Exercise details: Which lines of the entries below run from the one holding "Blossom Print Satin" to the one holding "Castle Of Our Skins, Ashleigh Gordon, S1.E8", inclusive? Set down exactly those lines and no others.

Input records:
%%

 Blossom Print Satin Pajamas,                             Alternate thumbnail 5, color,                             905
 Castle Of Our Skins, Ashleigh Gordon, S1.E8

%%
%%

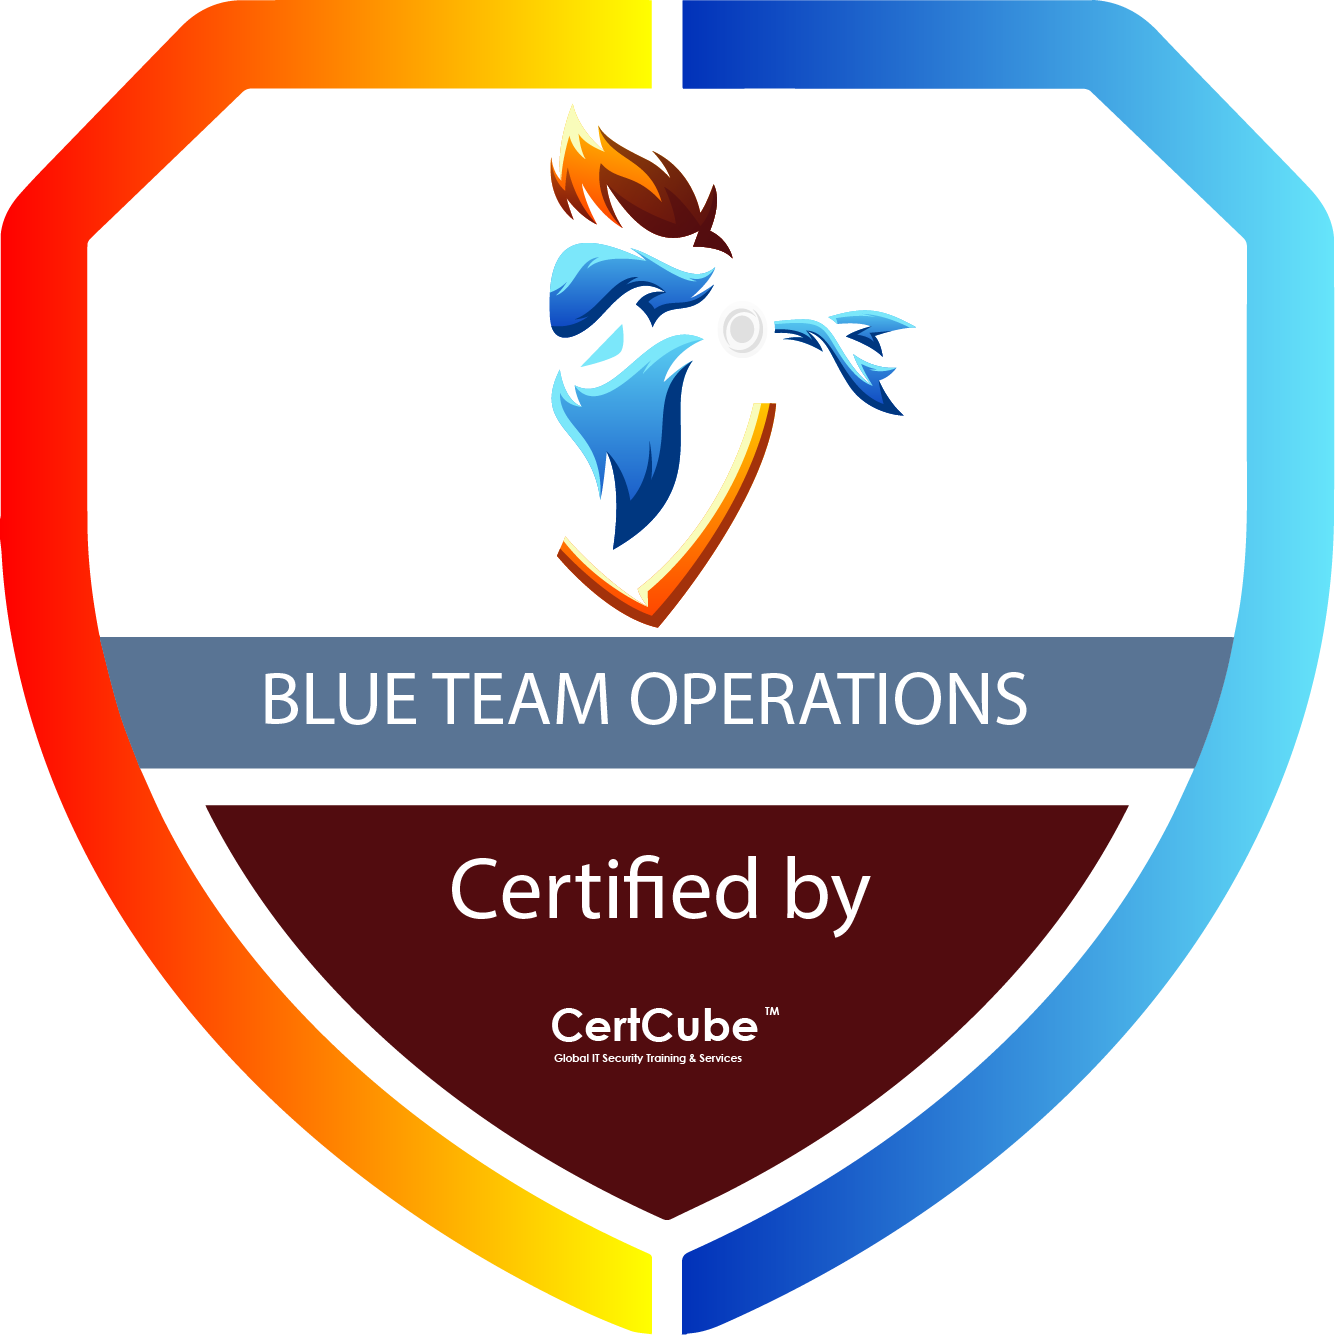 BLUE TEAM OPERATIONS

%%
%%

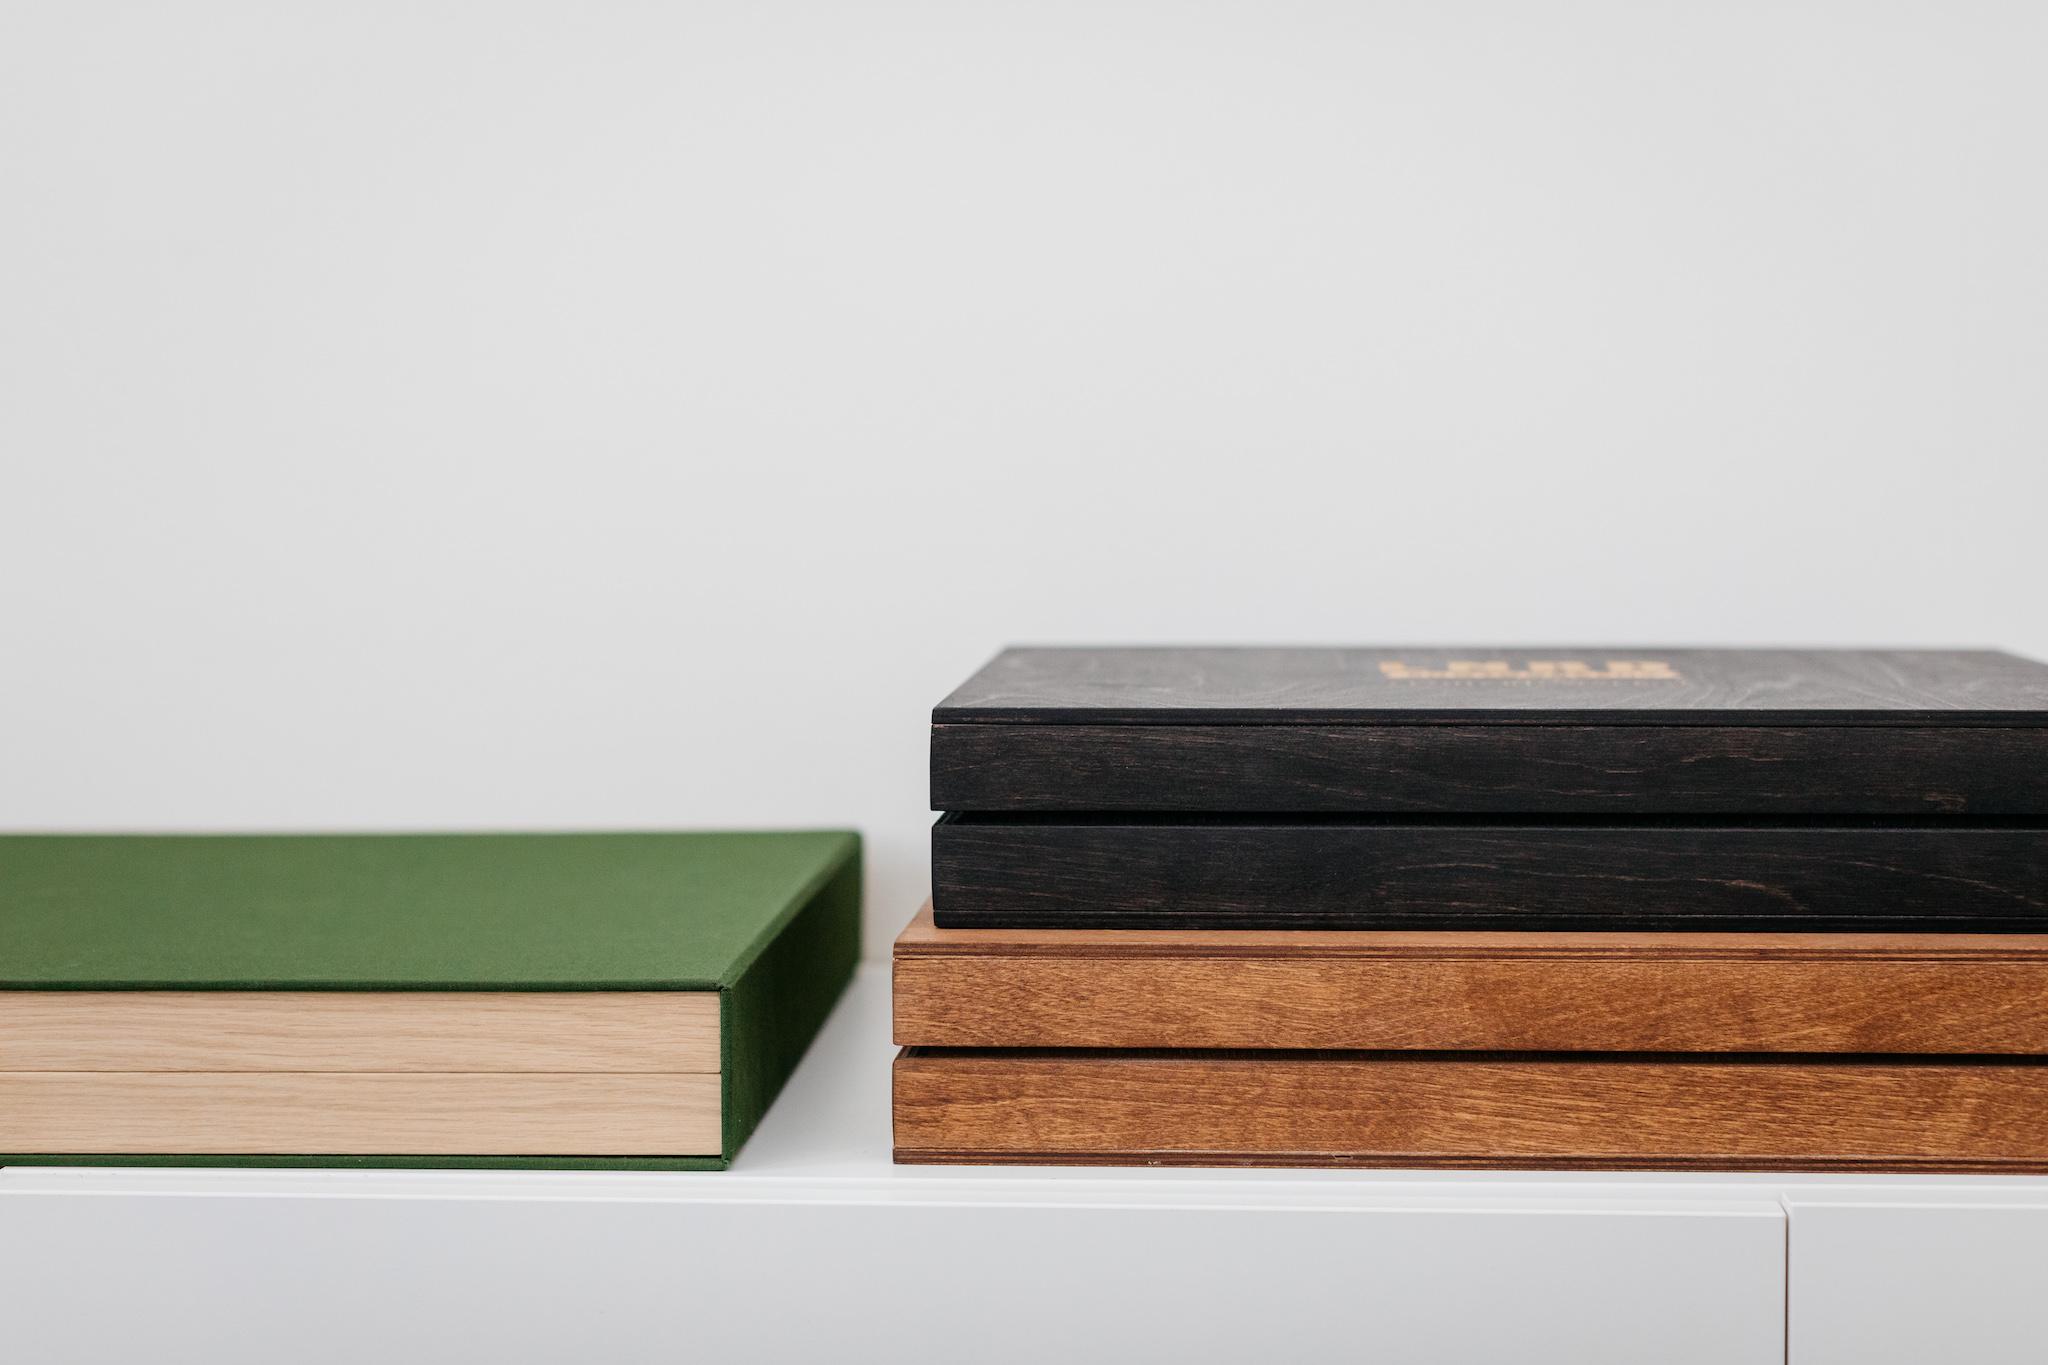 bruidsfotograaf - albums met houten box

%%

Solution:
 Blossom Print Satin Pajamas,                             Alternate thumbnail 5, color,                             905
 Castle Of Our Skins, Ashleigh Gordon, S1.E8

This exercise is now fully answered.